Naked pf wise, Sage don't offer one but you can easily have one modified.

Check out the 'DTP owners club' on the forum. Loads of little tricks and tips on there  including what tampers people use and such


----------



## chip_kara (Sep 25, 2017)

Hmm okay, cheers for that, food for thought! I will check out that thread for more info.

Hopefully someone with a modded classic will chip in on here to add their own opinions!


----------



## Hornet's Nest (Oct 29, 2017)

I am in a similar market at the moment. Looking for a machine to run with my Ascaso mini grinder (which I'm happy with). Have seen the more recent reviews of the Ascaso Dream but am worried about reliability - I also like the Silvia and that is my 2nd choice. I didn't realise the Sage Dual Temp Pro was readily available in the UK - will look into this model.


----------



## Stanic (Dec 12, 2015)

with Silvia you'll get a boiler and not a thermocoil like with the DTP

Silvia with a PID and few easy mods here and there will be a solid machine (but not for making many milk drinks in a row)


----------



## chip_kara (Sep 25, 2017)

> I am in a similar market at the moment. Looking for a machine to run with my Ascaso mini grinder (which I'm happy with). Have seen the more recent reviews of the Ascaso Dream but am worried about reliability - I also like the Silvia and that is my 2nd choice. I didn't realise the Sage Dual Temp Pro was readily available in the UK - will look into this model.


Glad there is someone else in the same boat! Hopefully people will add to this forum and it might answer both our questions


----------



## chip_kara (Sep 25, 2017)

Stanic said:


> with Silvia you'll get a boiler and not a thermocoil like with the DTP
> 
> Silvia with a PID and few easy mods here and there will be a solid machine (but not for making many milk drinks in a row)

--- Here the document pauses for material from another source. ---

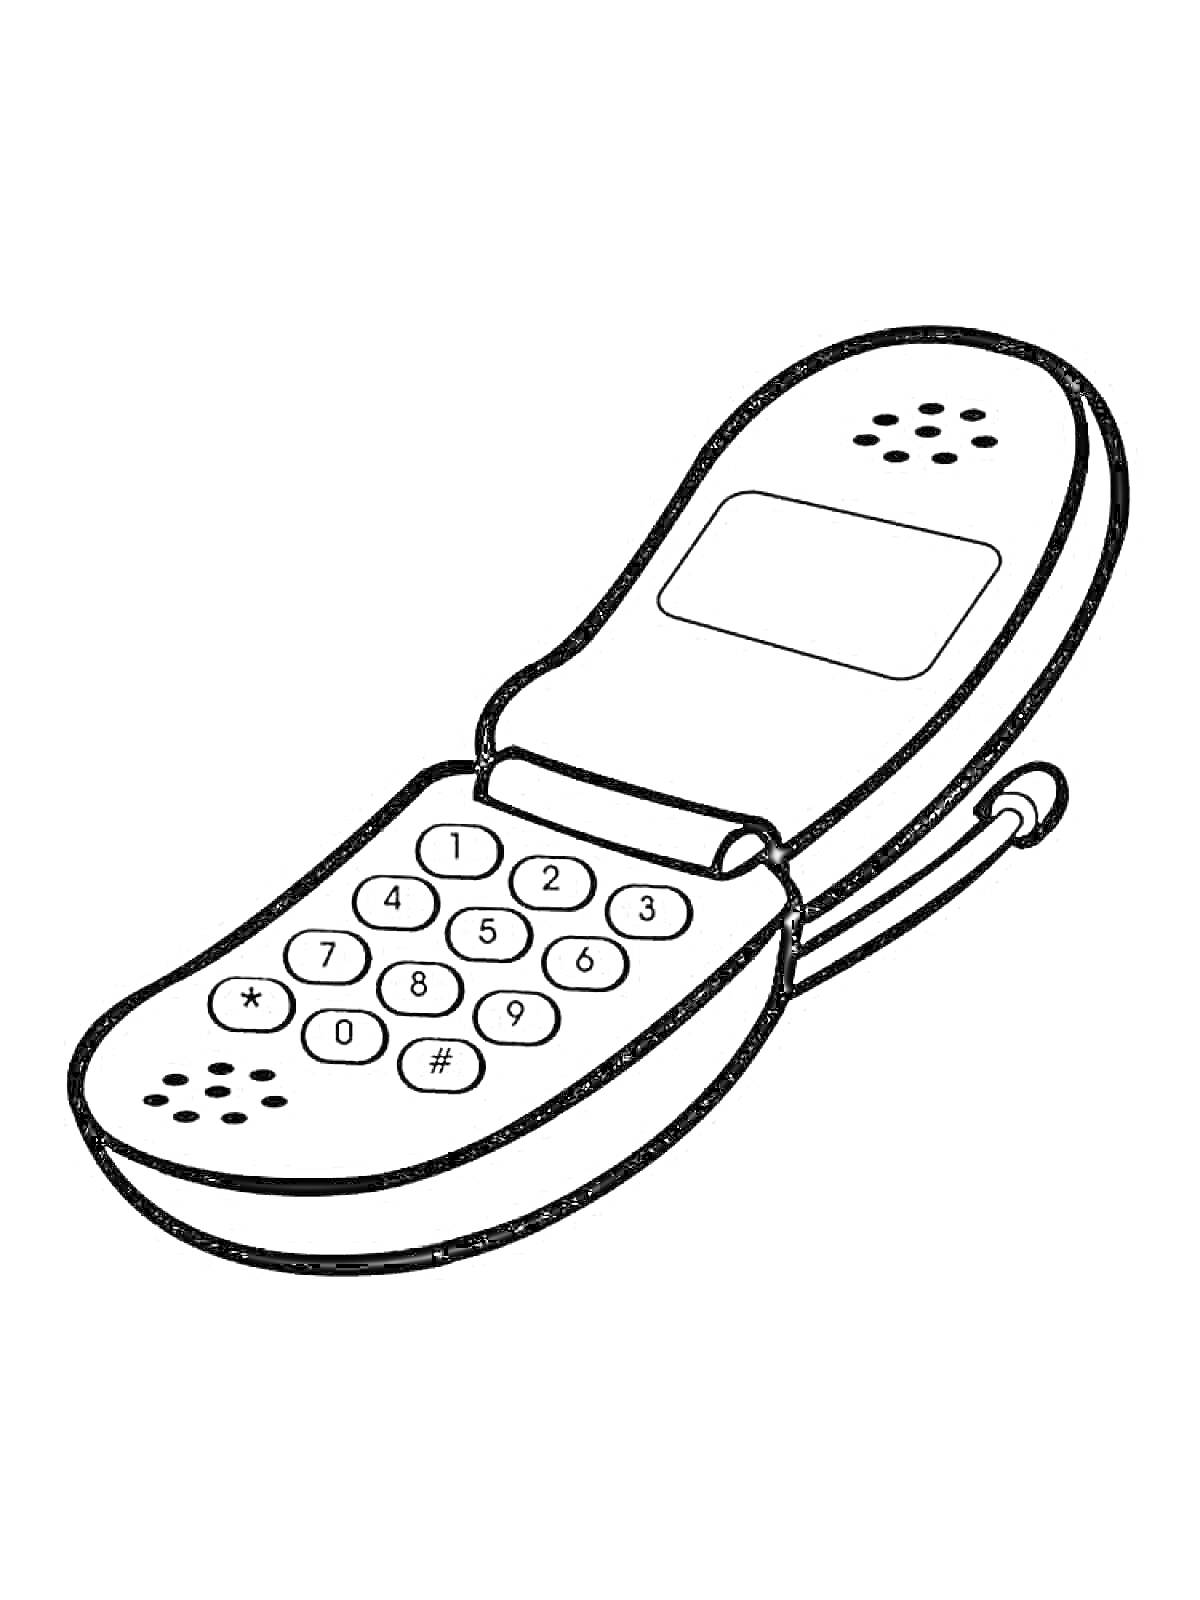 Раскраска раскладной телефон с клавишами, экраном и антенной

Is the thermocoil advantageous? or is neither really better than the other?

Thats the feeling I've been getting, I want machine that will be as solid as you can get and last me a good few years until I am in the situation to upgrade further. For this I thought a modded Silvia would do the trick.

I didn't really think any of the machines at this bracket were suitable for making more than a couple of milky drinks in a row anyway and thats all I need.


----------



## Stanic (Dec 12, 2015)

chip_kara said:


> Is the thermocoil advantageous? or is neither really better than the other?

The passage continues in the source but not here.